Part 2 is described by the author as dealing with normal CSF proteins in a more specific fashion, but the chapters only review immunoglobulins. The subjects discussed can be, however, made applicable to other proteins. There is a discussion in Chapter 7 on movement of drugs across the BBB that will be appreciated by the novice investigator. Chapter 8 develops mathematical models to evaluate the source of IgG proteins in the CSF. Chapter 9 develops the idea that the most biologically stable values for normal barrier function are the ratios of IgG to albumin in CSF and serum. The rationale behind this latter statement is somewhat underdeveloped but does not appear to be inaccurate. The major focus of the chapter is again on the IgG levels. A number of points are introduced that could be extremely useful such as the observation that there is a circadian rhythm of the CSF, with a 6-fold increase in CSF production at night. This information is important for new investigators attempting to use CSF to obtain profiles for disease biomarkers and could have been emphasized more.

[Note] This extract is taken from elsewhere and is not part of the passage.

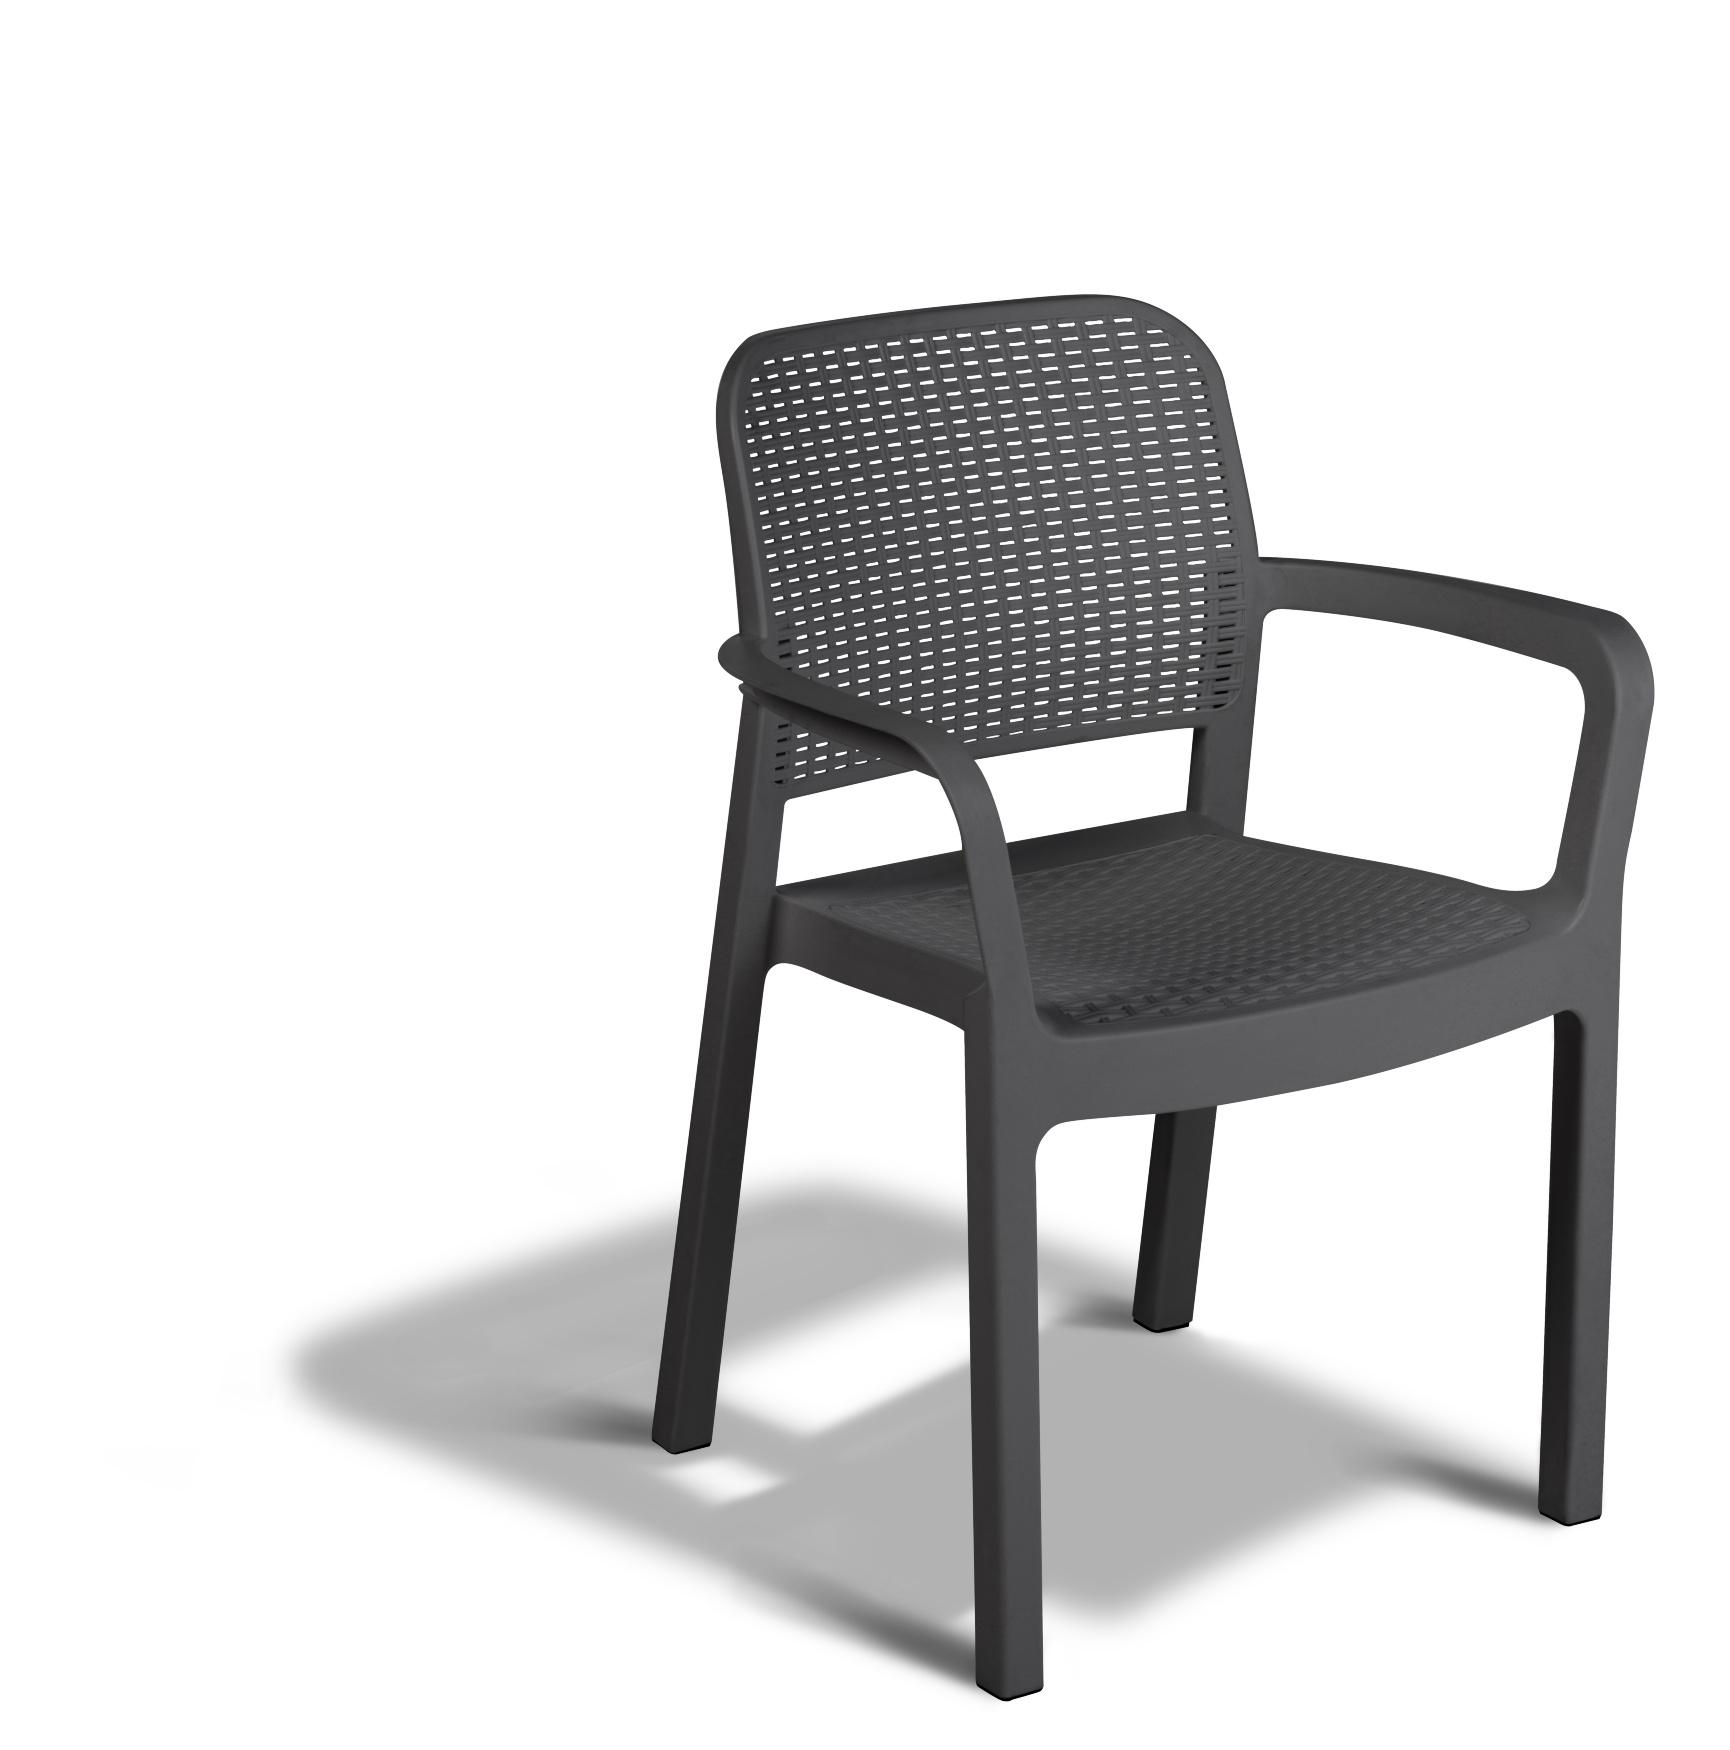 Garden chairs & Garden Seating Allibert

Part 3 is a "mini-clinical" book dealing with individual diseases. Chapter 10 of this section is dedicated to IgG production in the CSF, mostly in multiple sclerosis. The author misses an opportunity to use his historical perspective and experience in CSF biology to address the developing field of proteomics and the search for biomarkers for various diseases that reflect more than the degree of infection. In Chapter 11, the non-immunoglobulin proteins are given too little consideration and there are some bothersome comments such as myelin basic protein is referred to as the "best studied protein in the brain". Normal Pressure hydrocephalus is mentioned in the context of two proteins that appear enriched in the CSF of patients with this disorder. Given the vantage point of the author in CSF biology, this reader was left wanting for comments on the potential for using CSF protein profiles to differentiate NPH from Alzheimer's Disease. In context of the latter disease there is no mention of amyloid or A-beta fragments that many laboratories are trying to identify in CSF as a diagnostic indicator for AD . The conclusion of Chapter 11 fails to mention proteomics when suggesting future directions for the use of CSF as a diagnostic marker. Chapter 13 is a reasonable review of the state of the field to use CSF as a prognostic indicator with a good summary table. In the chapter on future growth areas (Chapter 14) there are 5 lines dedicated to proteomics.

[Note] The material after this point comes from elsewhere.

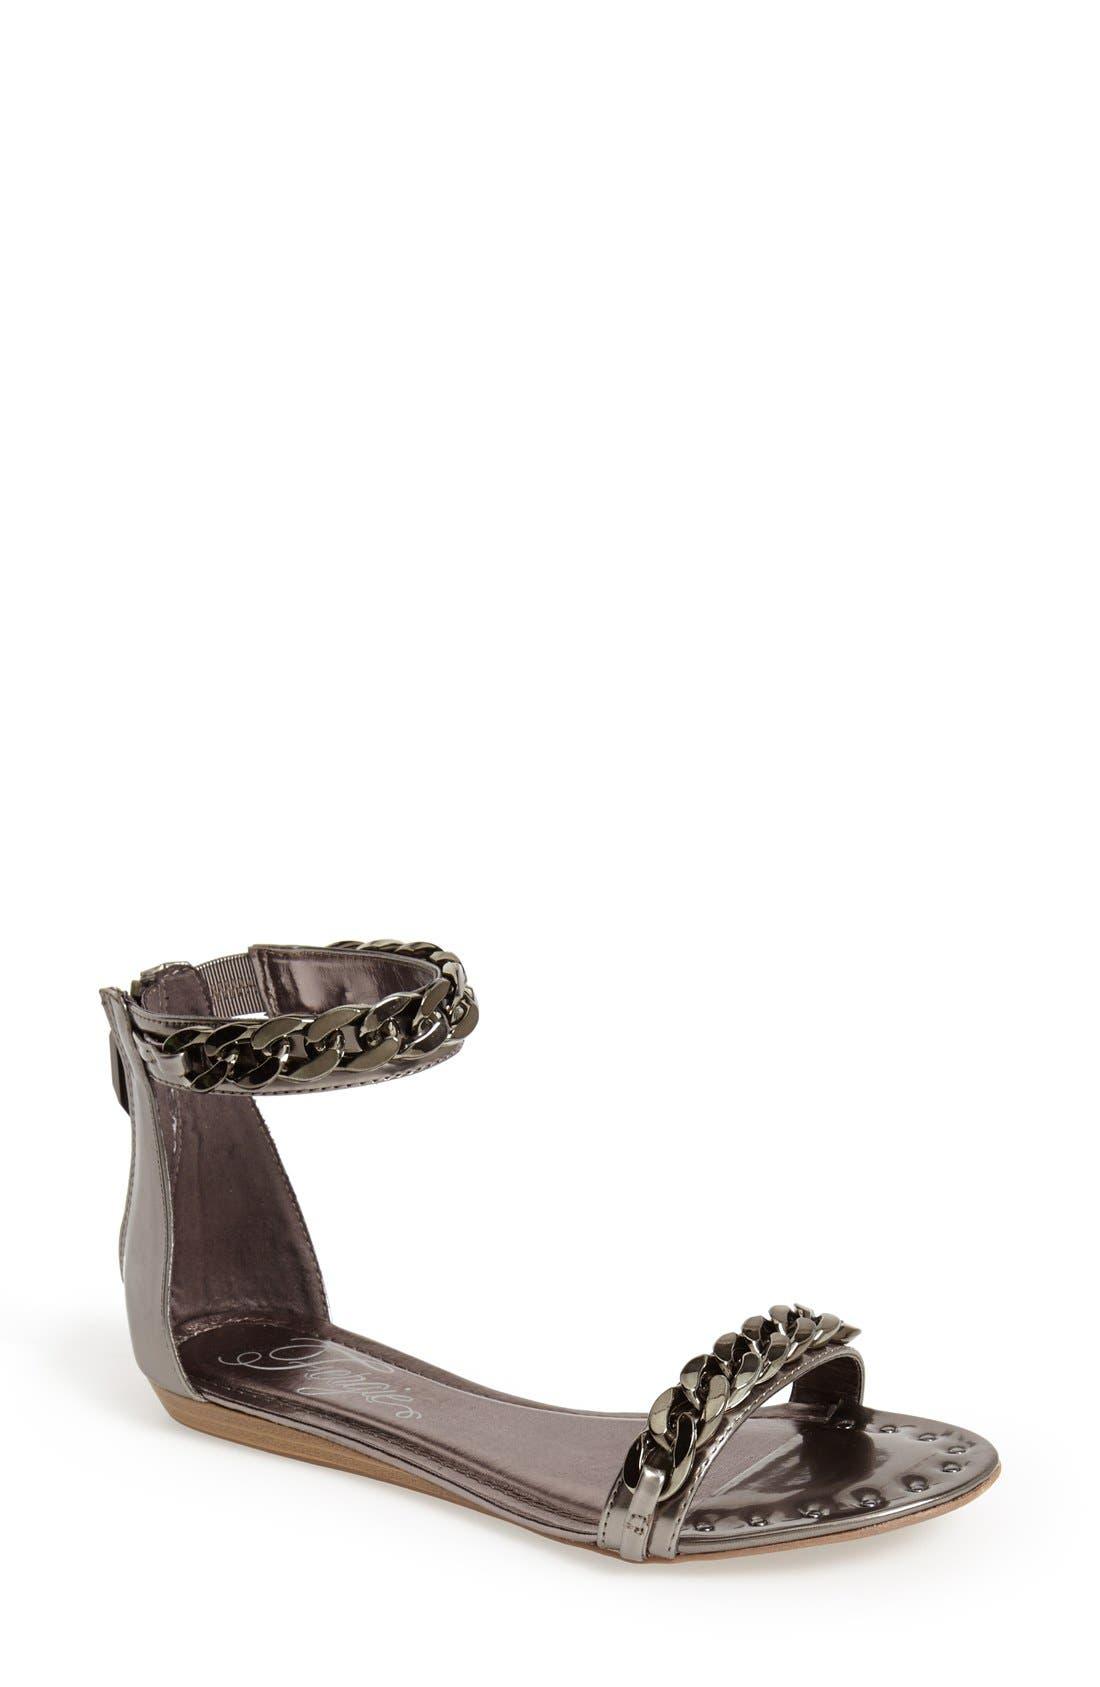 Alternate Image 1 Selected - Fergie 'Grind' Sandal (Women)

Part 4 is a mini laboratory book with a series of appendices providing protocols for analysis of CSF proteins. The protocols are standard gel analyses, but the author makes comments from his vast experience that would be helpful for those wishing to evaluate immunoglobulins in particular.
In summary, despite what I am sure appears to be a lukewarm review, this is not a disappointing book and is a good reference source for the new CSF investigator. The title is misleading and, thus if the reader is looking for a resource on CSF proteins and function, they will need to continue to look beyond this book. At the end of Chapter 14 on future growth areas the author concludes that "in the future, CSF is still not likely to be ignored". The author definitely reaches the right conclusion, but did not take full advantage of the opportunity to use this book and his considerable knowledge to serve as a guiding source for the next generation of CSF investigations and investigators.